McKAY, Donald John



Donald John McKay

Photographer

Le Bons Bay, Banks Peninsula, New Zealand

A Brief Profile written by Don McKay, July 2011.




I was born on the 10th January 1934 and lived on my parent’s farm at Le Bons Bay, Banks Peninsula.

My father was Donald Leicester McKay [1] – always called Leicester – son of Donald McKay and grandson of William Mackay who came from The Kyle of Tongue in the north of Scotland and settled above the Summit Road overlooking Duvauchelles, near the top of Little Akaloa. Dad’s mother was Elizabeth Haakensen, whose family originated from Denmark and Sweden.

My mother’s maiden name was Gladys Coade whose father was Isaac (John) Coade, an Australian miner and prospector. While he was working around New Zealand, including Banks Peninsula he met and married Rachael Reynish, daughter of George Reynish, Pigeon Bay. After living and working in the bush at Mokau in the North Island he took his family back to Australia where he part owned a coal gold mine.

He was a sapper in the Australian Army in WW1 and together with Spr. T.F Burke was awarded the Military Medal for helping a large proportion of about 80 soldiers who couldn’t swim to withdraw across the River Yser under heavy gun fire. Sadly, he was killed just before the end of the war. After John’s death, near the end of World War One Rachael returned to Banks Peninsula with her three children and later married Jim Mackay, whose wife Annie, (nee Reynish, Rachael’s sister and aunt of my mother) had died during the 1918 plague.

To further complicate things Jim was a younger brother of Donald, my grandfather. All this has lead to me having a great number of relations on the Peninsula. When first married, my father and mother lived with the family in the original Haakensen homestead, which is situated near the top of Le Bons Bay, down a steep hill about 300 or 400 metres from the main road.    

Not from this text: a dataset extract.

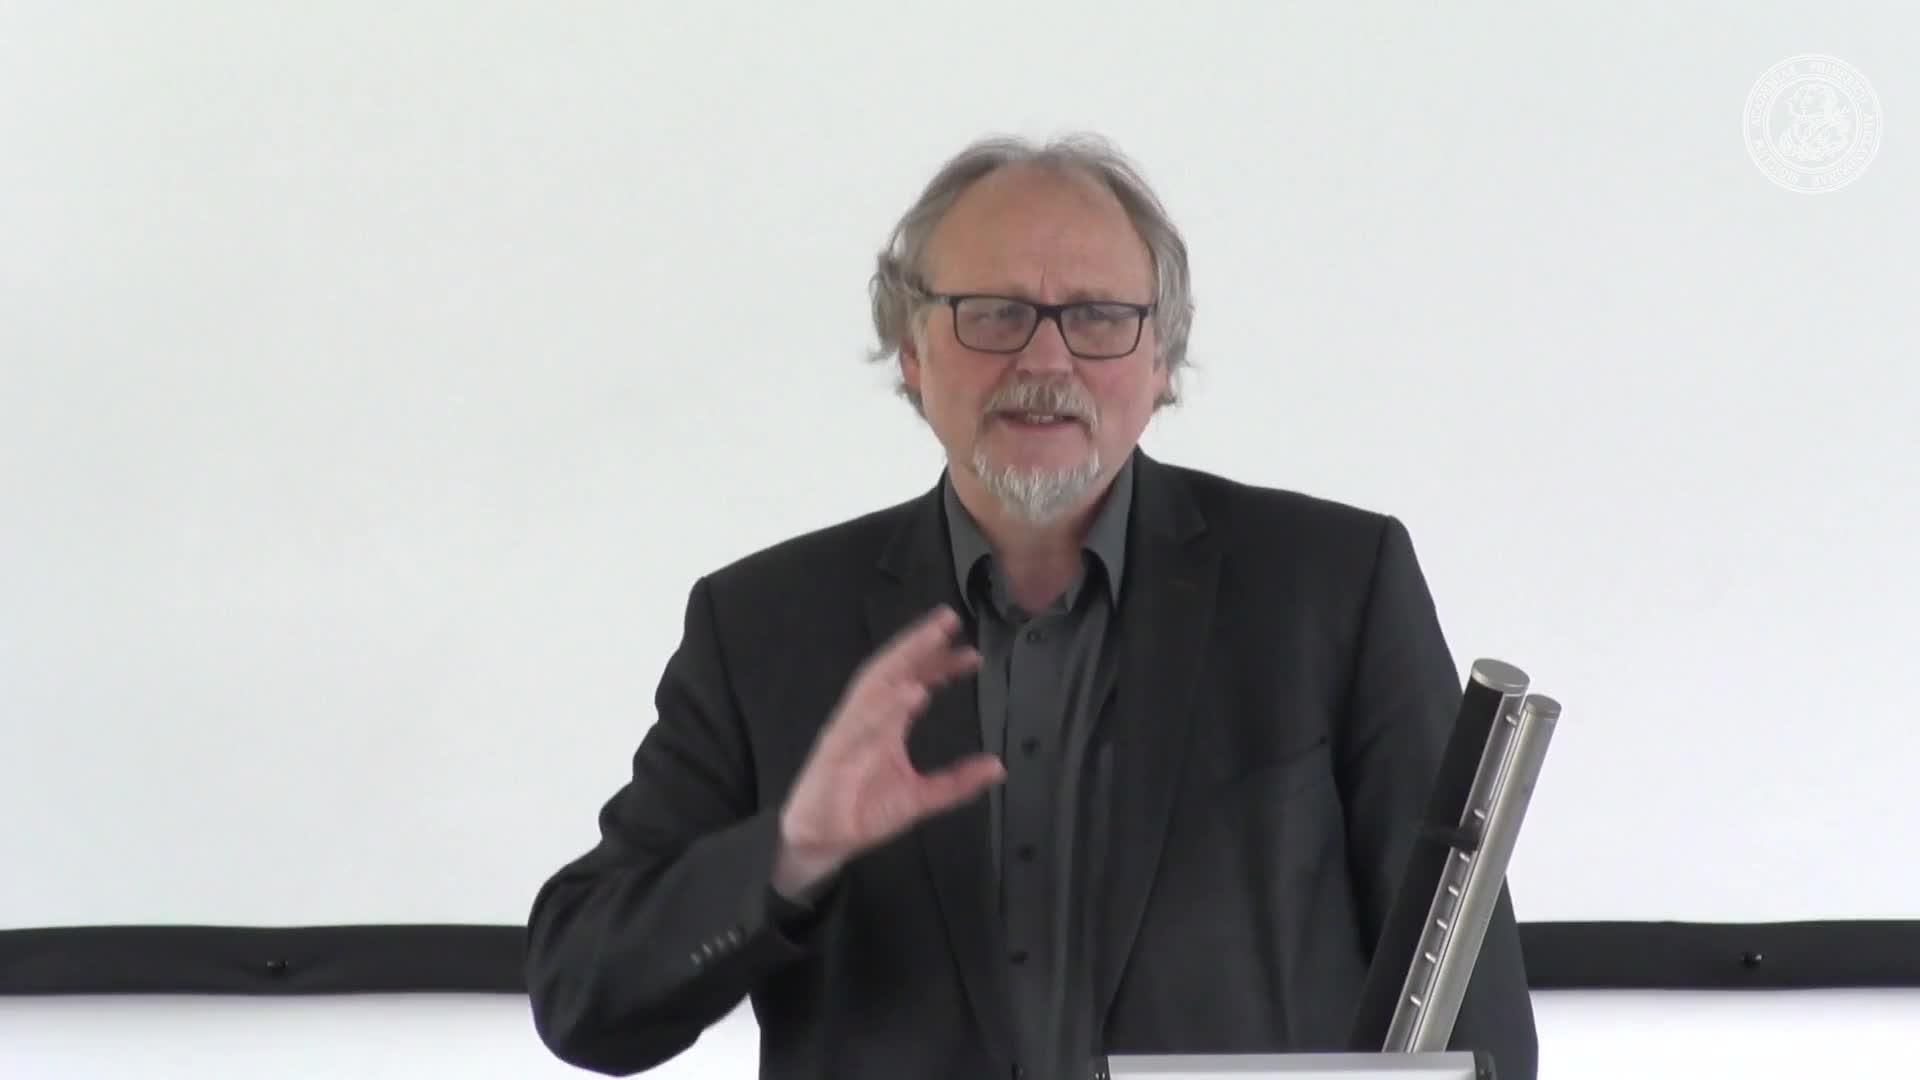 Politische Theorie II Marx Teil 2 preview image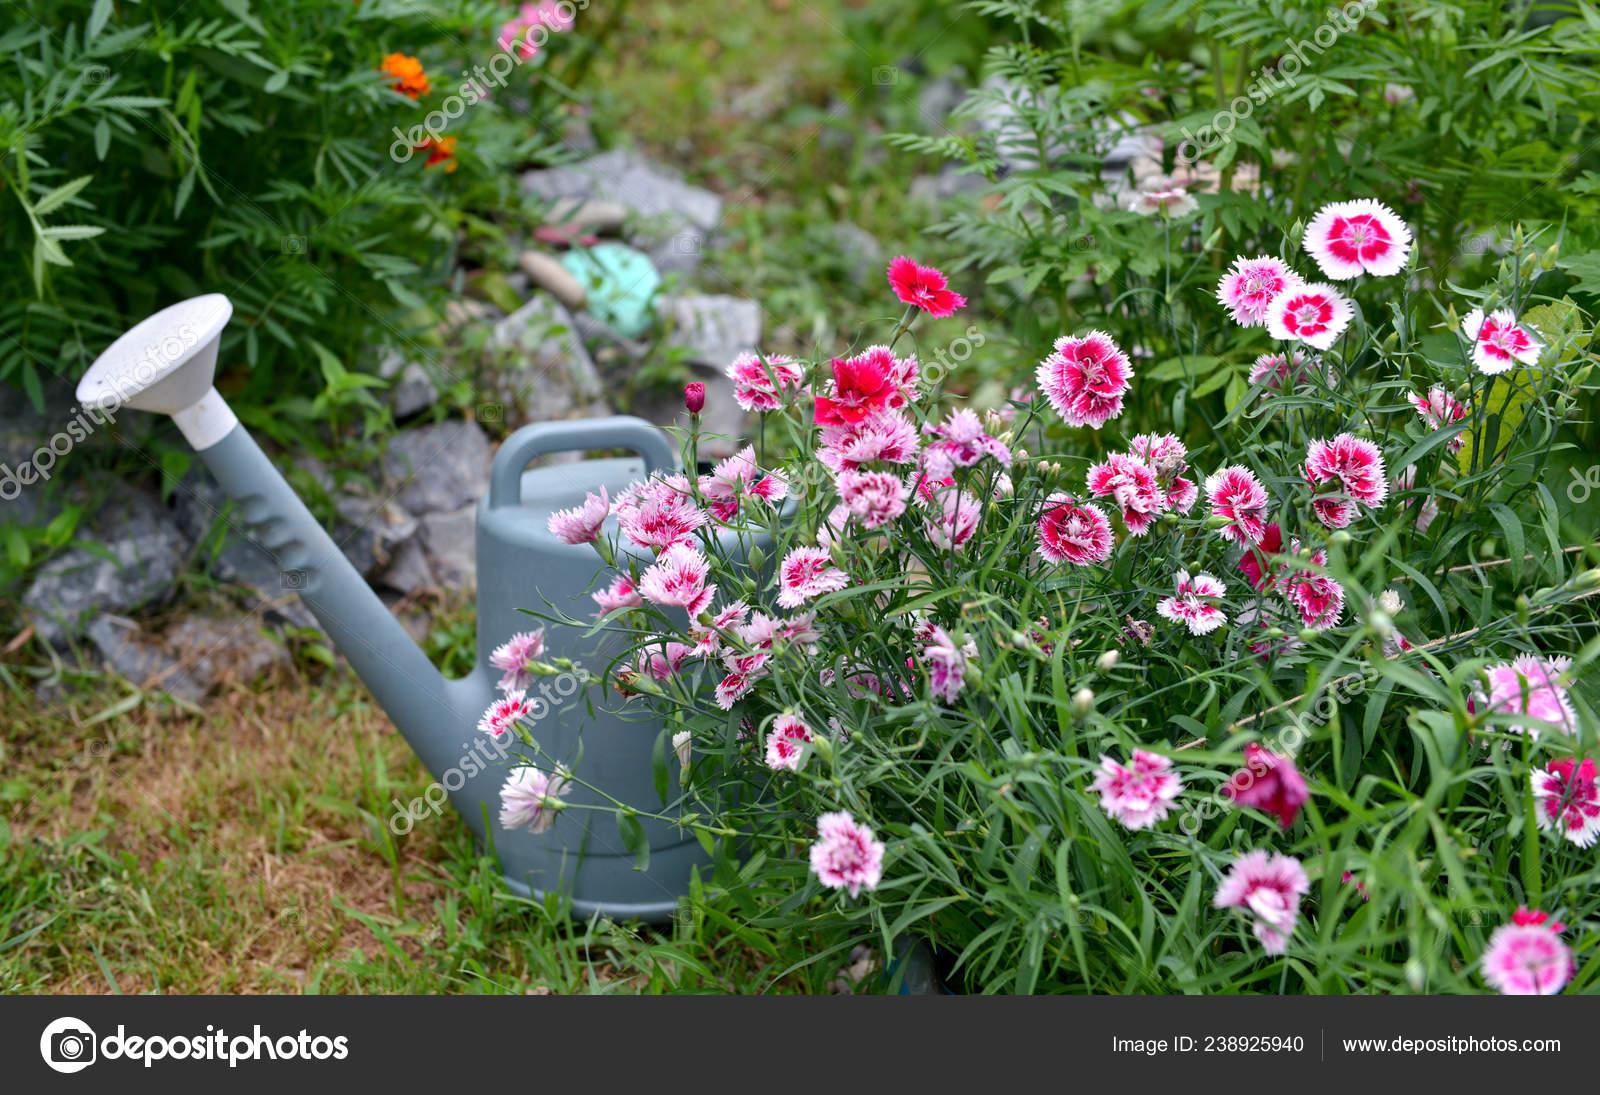 Beautiful Flowerbed Carnation Flowers Watering Can Garden Summer

When Mum went into labour Dad had to yoke up the bullocks and take Mum up to the road on a sledge! I am not sure how she got from there to Akaroa, but it may have been by the Indian Chief  motor cycle and sidecar. However, I was eventually born at Lyndhurst Hospital in Christchurch.

My primary schooling was at Le Bons Bay School at the bottom of the hill, about two miles away. I think there were about eighteen or nineteen children at the school when I started in 1939, but the roll went down to about nine or eleven by the time I left at standard six. For a while there were three children in my class, Janice Crotty, Jean O’Dell, and me, but most of the time there was only Janice and me. This was quite good, as I was always first, second, or third in the class. (I have never achieved that since.)

During World War 2 days I sometimes used to go to Home Guard training with my father on Saturdays, and I remember one day being given a .22 rifle to train with and take home. How excited I was – I was only about 8 to 10 years old!! But my excitement soon changed to disappointment, because on the next Saturday it was taken away from me and I was given a wooden gun instead. However I did follow the signallers around a bit and learnt Morse code and semaphore.

I remember one incident at the end of the war – either VE Day or VJ Day – when there was a celebration dance at the Gaiety Hall, Akaroa, and at about midnight some of us boys decided to ring the Fire Brigade Bell. Two or three boys gave it a good ring and then we saw the policeman’s car coming along the street. The others took off like lightning, but the hill behind the bell tower was steep and covered in brush, and it was quite dark. I slipped, and the constable caught me. He threatened to lock me up in the cell for the night. I hadn’t even rung it, but as I was the only one there when he arrived he didn’t believe me. He probably had a chuckle, but I certainly got a fright.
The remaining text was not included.